Bir insan hava çok sıcak olduğunda; “Aman be, üf, sıkıldım, patladım, bu ne kadar sıcak!” derse bu gizli bir şirktir, Allâh (c.c.) muhâfaza buyursun; ama çoğunluk, -ehlullah hariç- bilmeden söylediği için Cenâb-ı Hakk affetmiştir. Onun için insanın ağzından çıkan sözlere çok dikkat etmesi lazımdır.
Havanın sıcaklığından soğukluğundan bahsederken dahi insan ağzından çıkanı düşünmesi gerekir. Bilinmelidir ki Allâh (c.c.)’dan başka hiçbir varlığın hava durumunu düzenleme şansı yoktur.
Müslümanların içerisindeki münâfıklar Resûlullâh (s.a.v.) gaybı bilir miydi, bilmez miydi gibi münakaşaları açıyor. Bir kere Allâh (c.c.) bildirdikten sonra her şeyi bilir. Ama Hakk Te‘âlâ hazretlerinin mutlak gayb dediği beş şey vardır. Onu kimse bilmez, kimseye bildirmiyor Allâh (c.c.).
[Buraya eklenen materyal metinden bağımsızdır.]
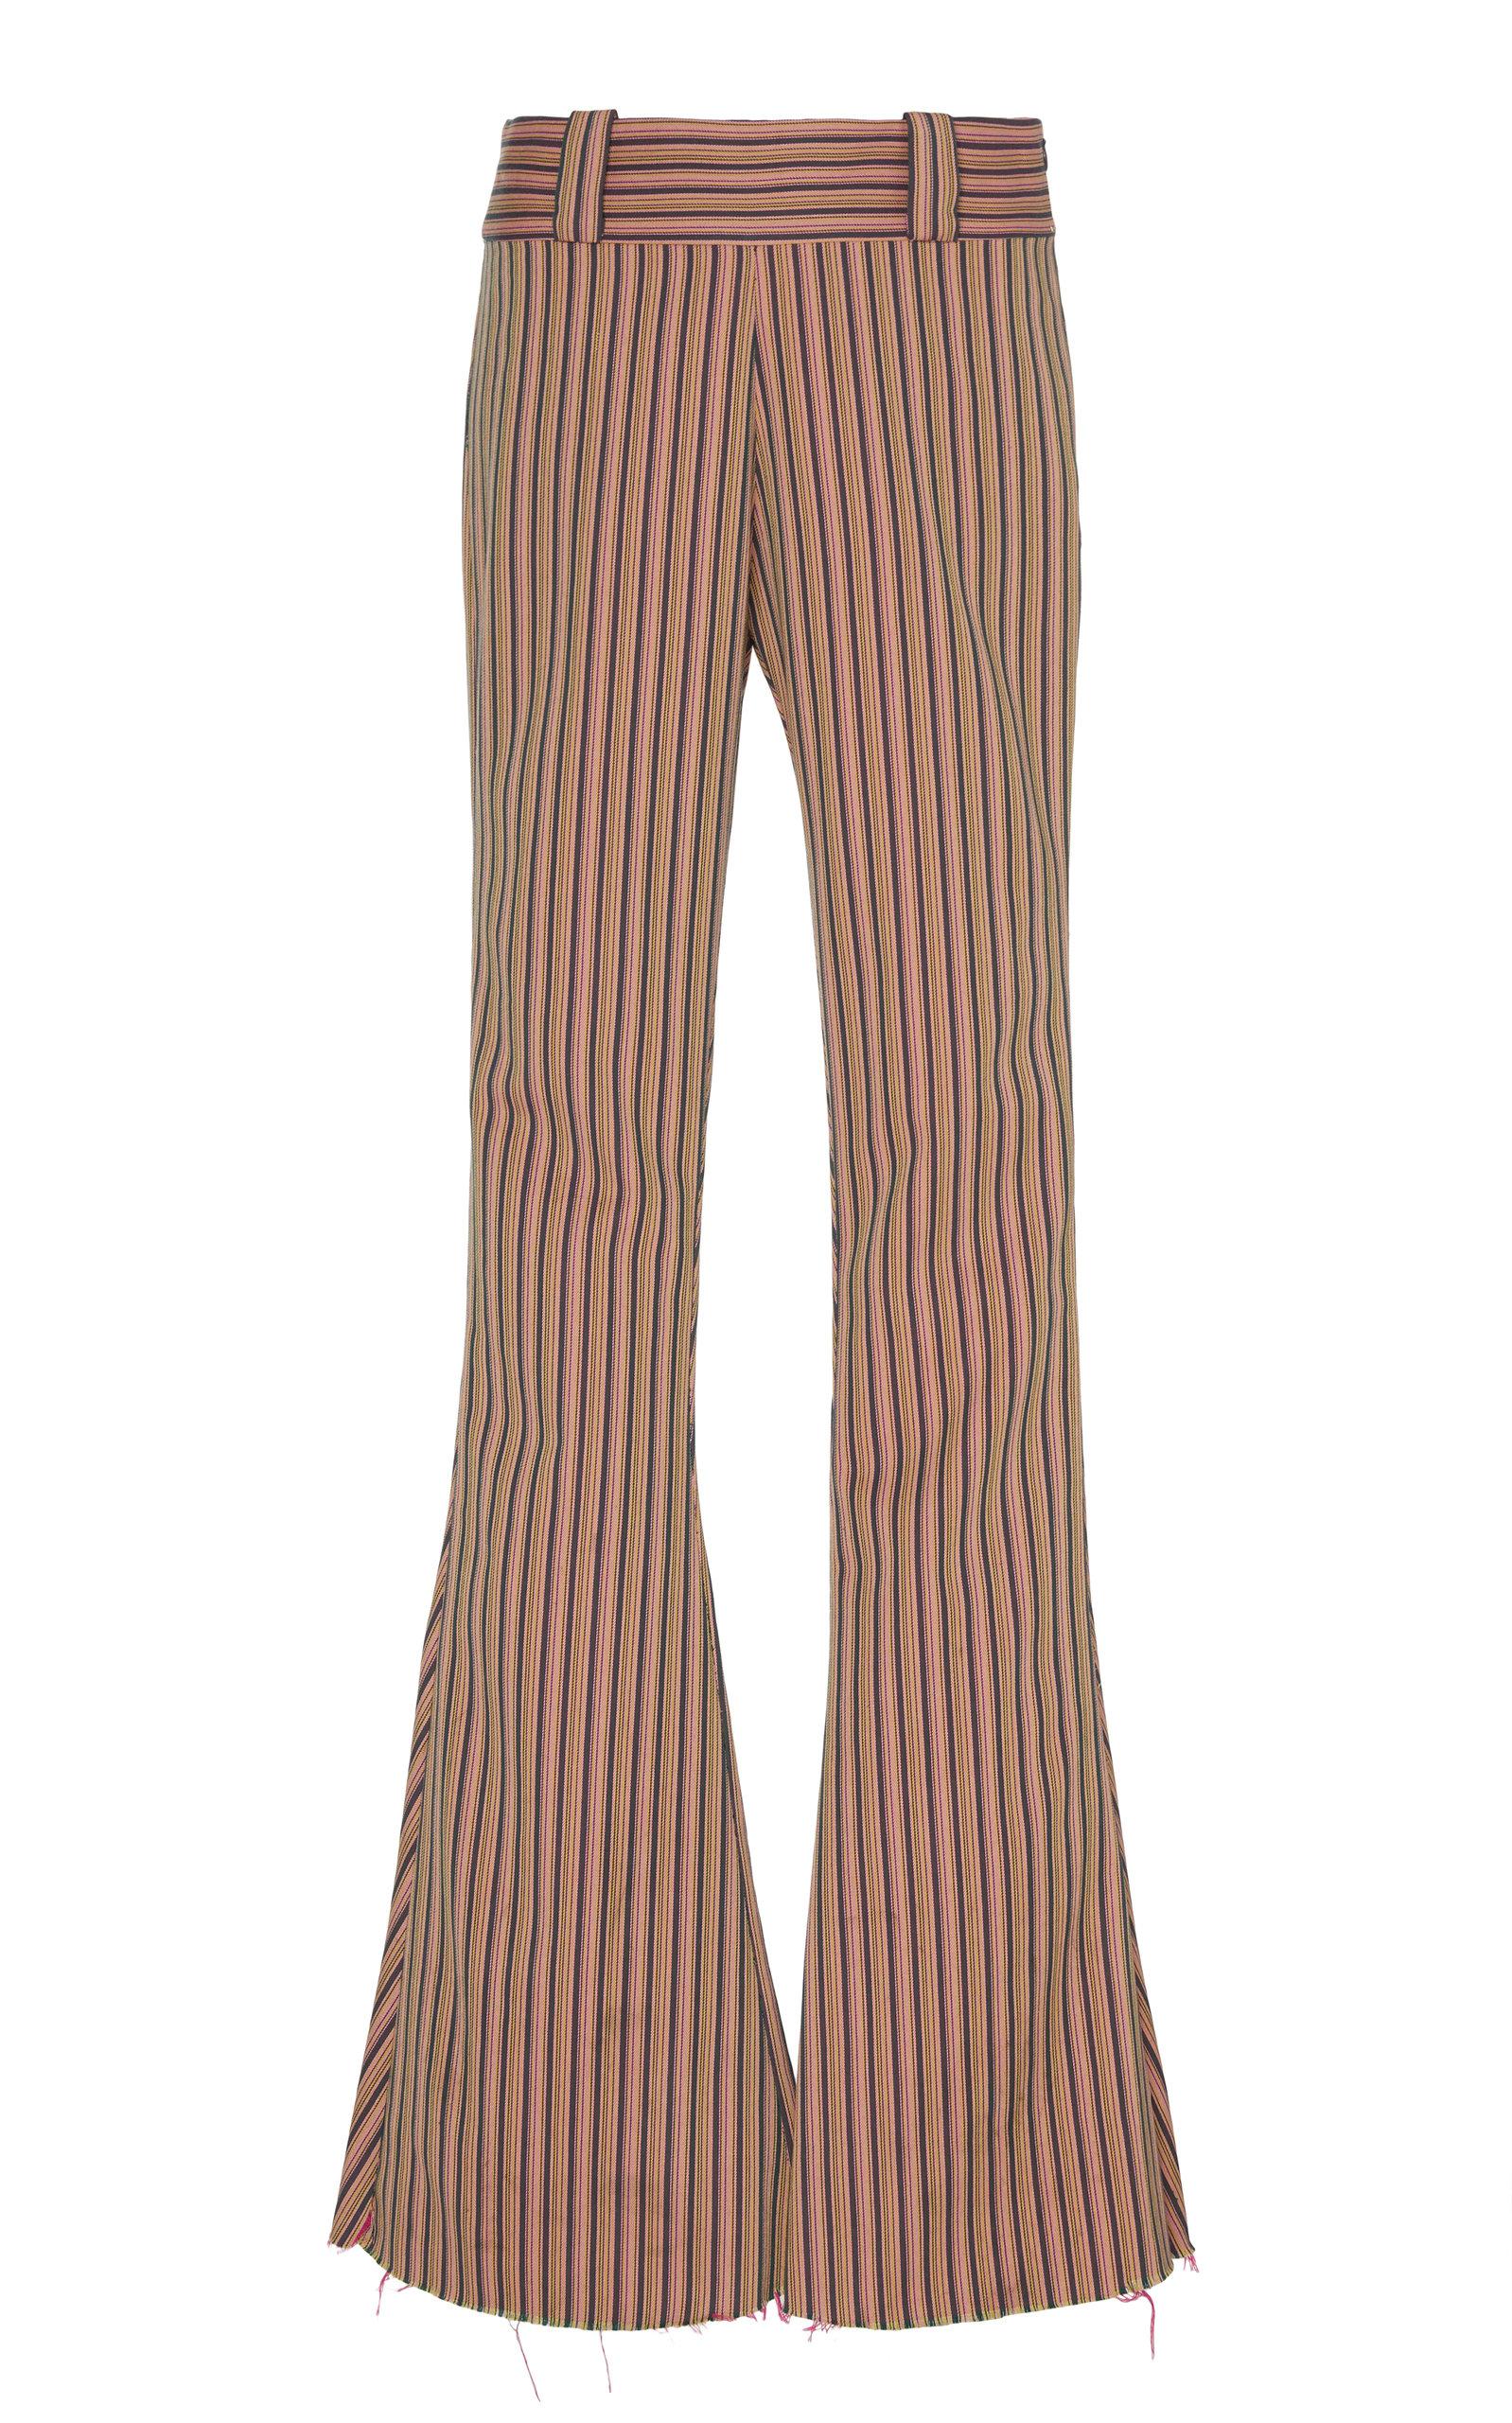 Alix of Bohemia - Women's Carnaby Striped Cotton Flared Pants  - Purple - Moda Operandi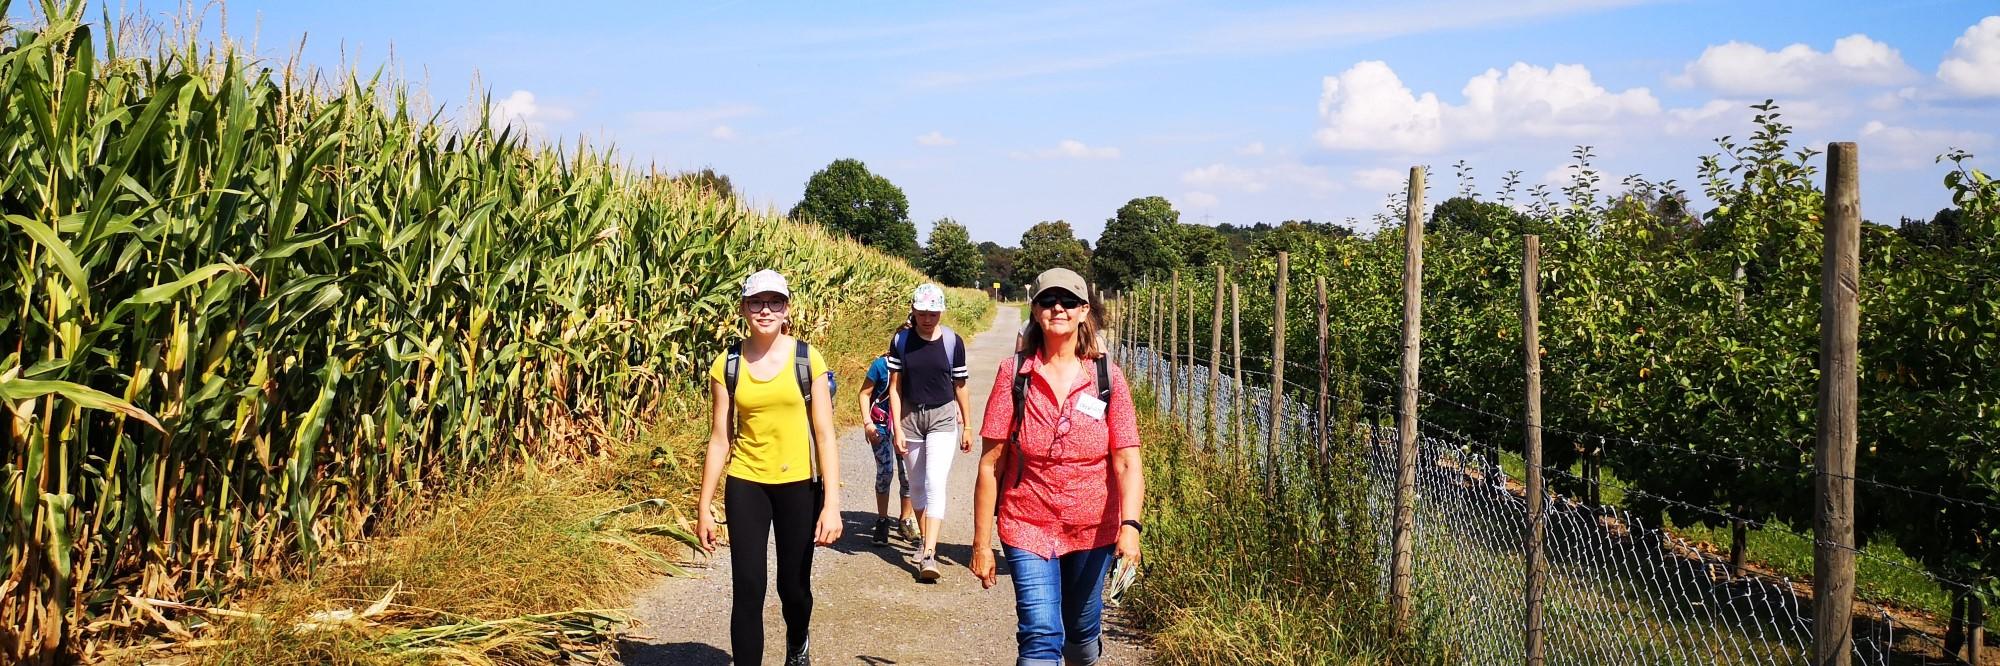 Wanderer auf einem Feldweg

Bunların dışında, Efendimiz (s.a.v.)’e kıyâmete kadar olacak birçok şeyleri bildirdi, O (s.a.v.) de bize bildirdi. Hiç kimse Nebî (s.a.v.) gaybi bilir demiyor, gaybden haber verir diyor. Mutlak gayb olan beş şeye gelince; Allâh (c.c.) ilk olarak, yağmur ne zaman yağacak onu ben bilirim buyuruyor.
İkinci olarak, yarının rızkı nedir, onu da ancak Allâh (c.c.) bilir. Mahmûd Sâmî Ramazanoğlu (k.s.) hazretleri bunu anlatırken; “Evinizde güzel yemekler hazırlarsınız, komşunuzdan daha güzeli gelir kendinizinkini bırakır onu yersiniz.” diye örneklendirirdi.
Üçüncü olarak, rahimlerde olanı ancak Allâh (c.c.) bilir. Nebiyy-i Ekrem (s.a.v.) Efendimiz “Kırkıncı gün bir melek gelir, o rahimdeki çocuğun şahsiyetini üfler.” buyurmuşlardır. Demek ki kırkıncı gün şahsiyeti bir melek üflediğine göre Allâh (c.c.) o meleğe bunu bildirdi ve “Allâh (c.c.)’dan başka hiç kimse bilmez” ifadesinin ilk kırk gün ile sınırlı olduğu anlaşıldı. Şimdi ultrason cihazlarıyla bebeğin cinsiyetini en erken altıncı haftadan sonra gözlemleyebiliyorlar.
Dördüncü olarak, insanın ecelinin nerede ve ne zaman olacağını ancak Allâh (c.c.) bilir. Beşinci ve son olarak da kıyametin ne zaman kopacağını da ancak Allâh (c.c.) bilir.